→ Task objective
In the listing below, start your output at the line with "Lebenslauf Muster Vorlage" and end it after the line with "Density current: descent", copying every line exactly.

→ Provided material
..............................

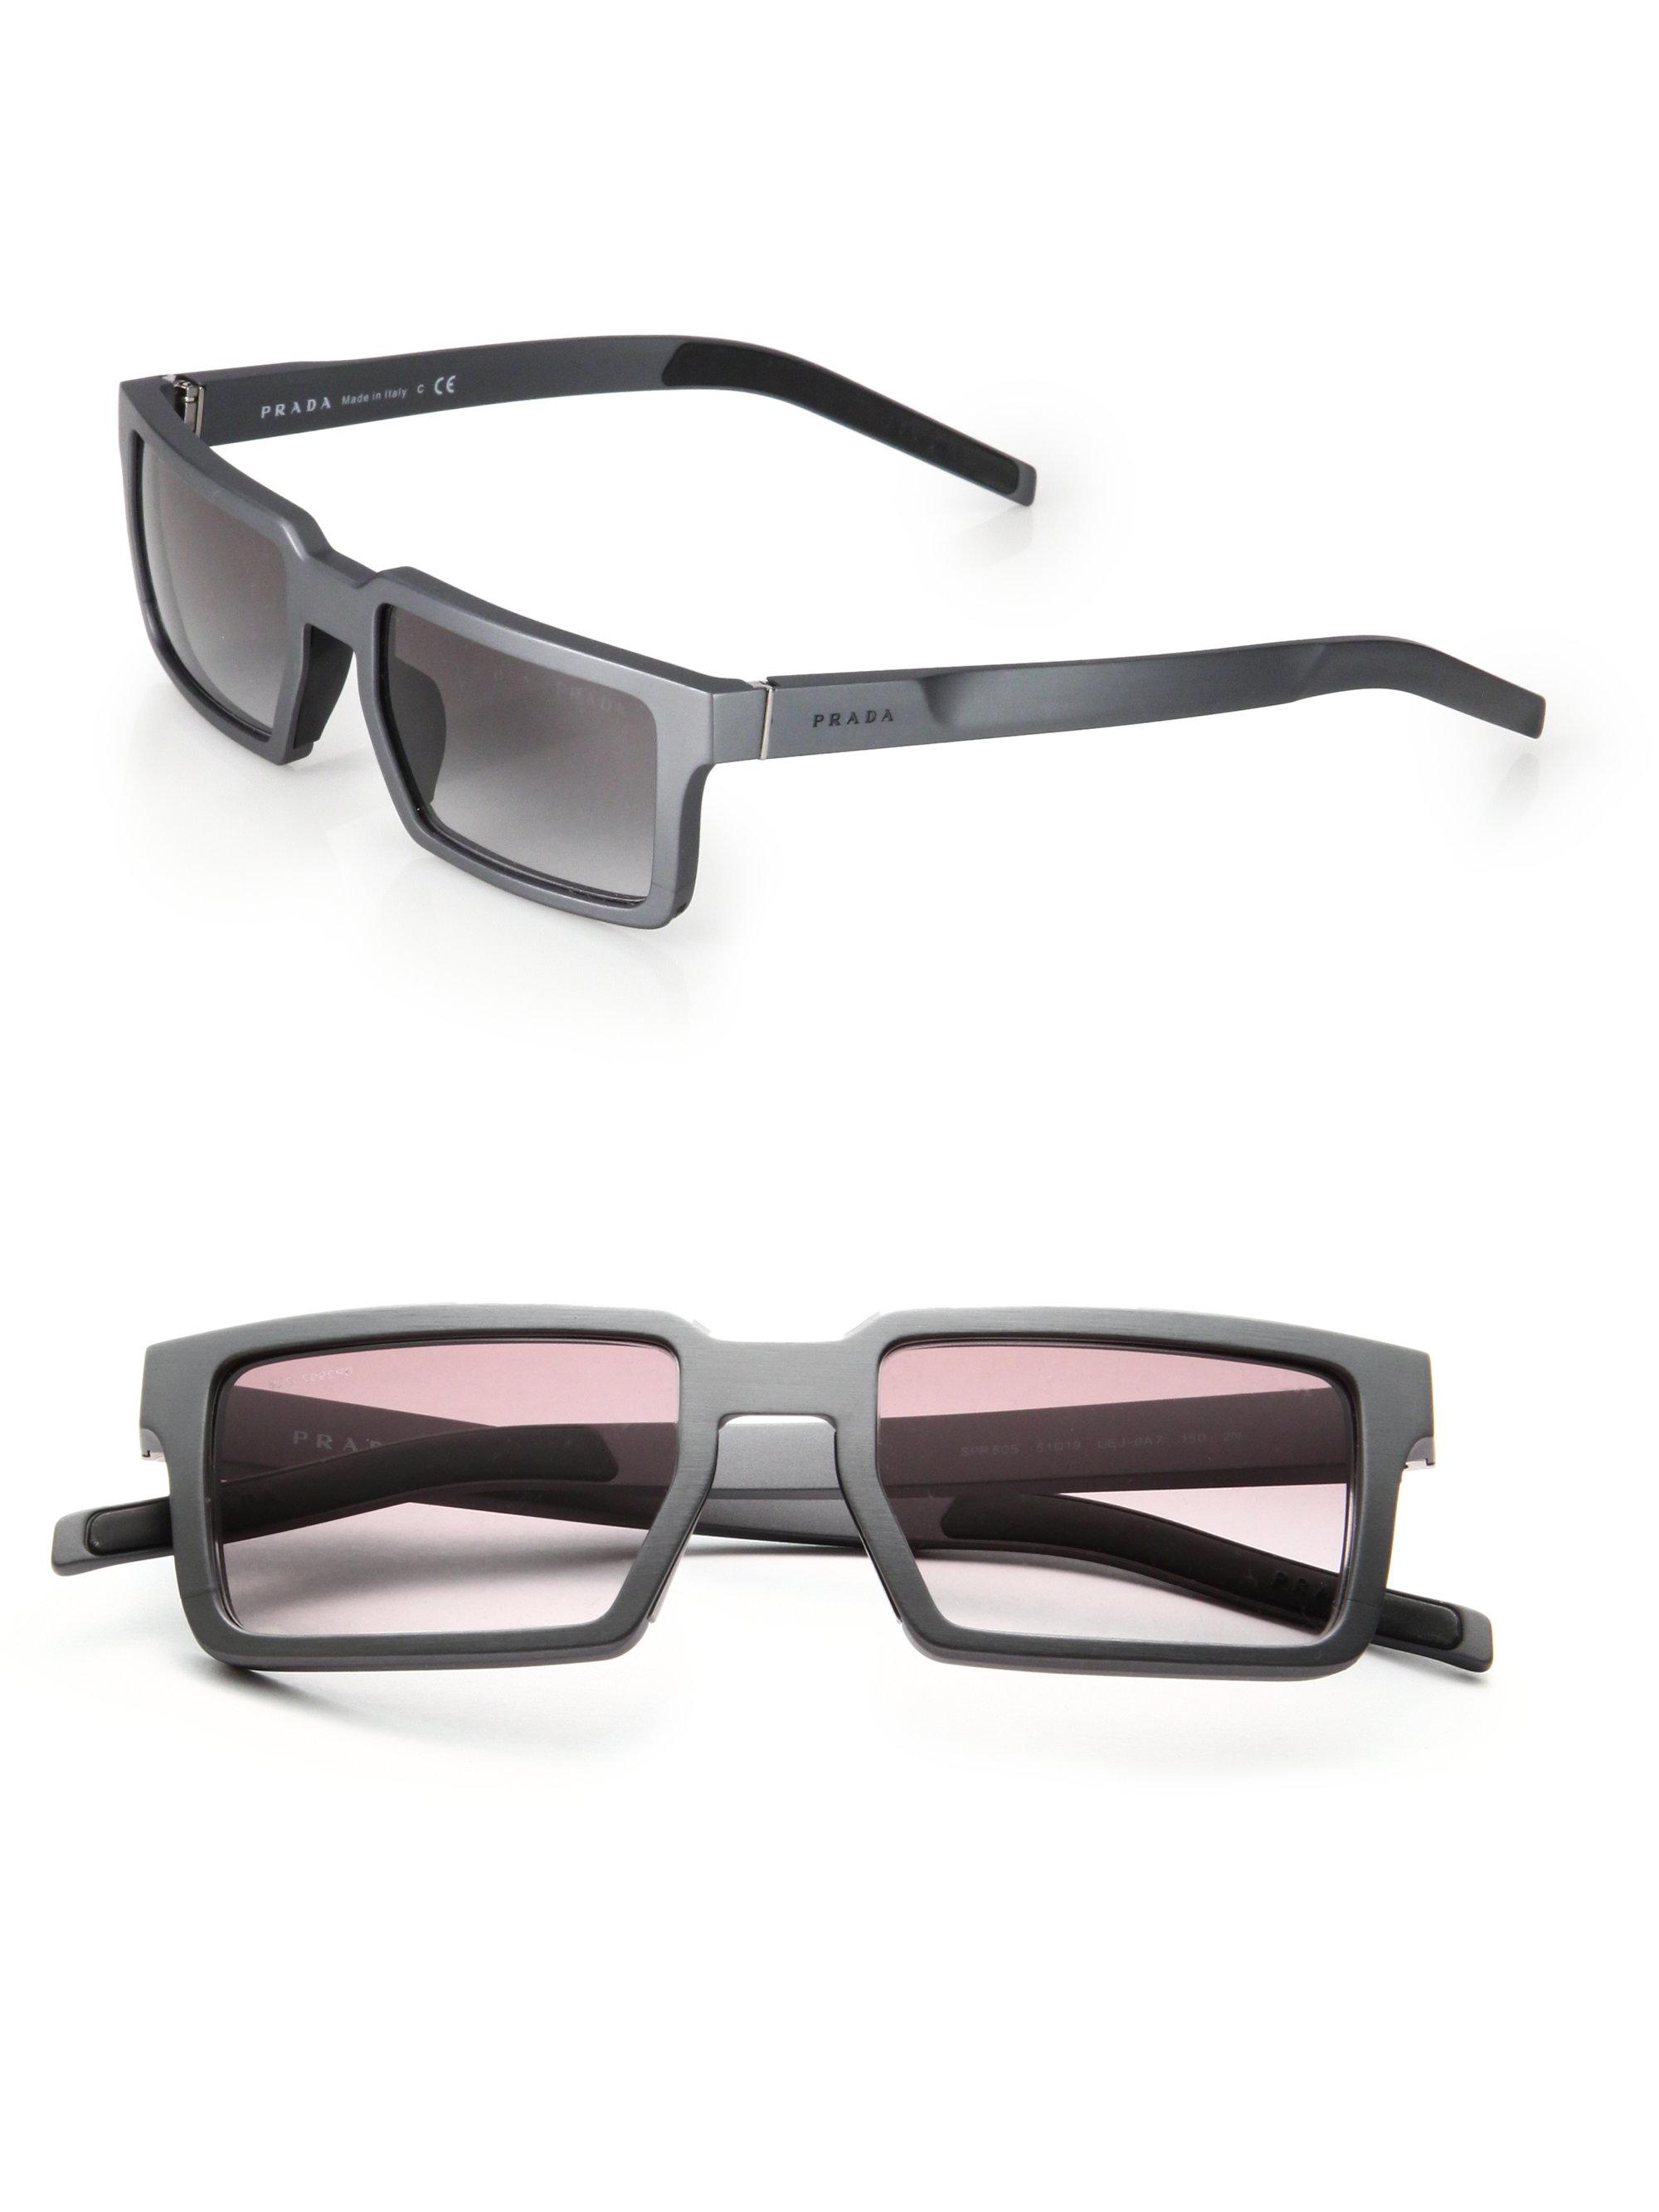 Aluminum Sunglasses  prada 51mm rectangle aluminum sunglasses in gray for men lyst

..............................

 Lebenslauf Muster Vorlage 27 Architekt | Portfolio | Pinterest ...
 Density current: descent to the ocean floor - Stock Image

..............................

→ Output below
 Lebenslauf Muster Vorlage 27 Architekt | Portfolio | Pinterest ...
 Density current: descent to the ocean floor - Stock Image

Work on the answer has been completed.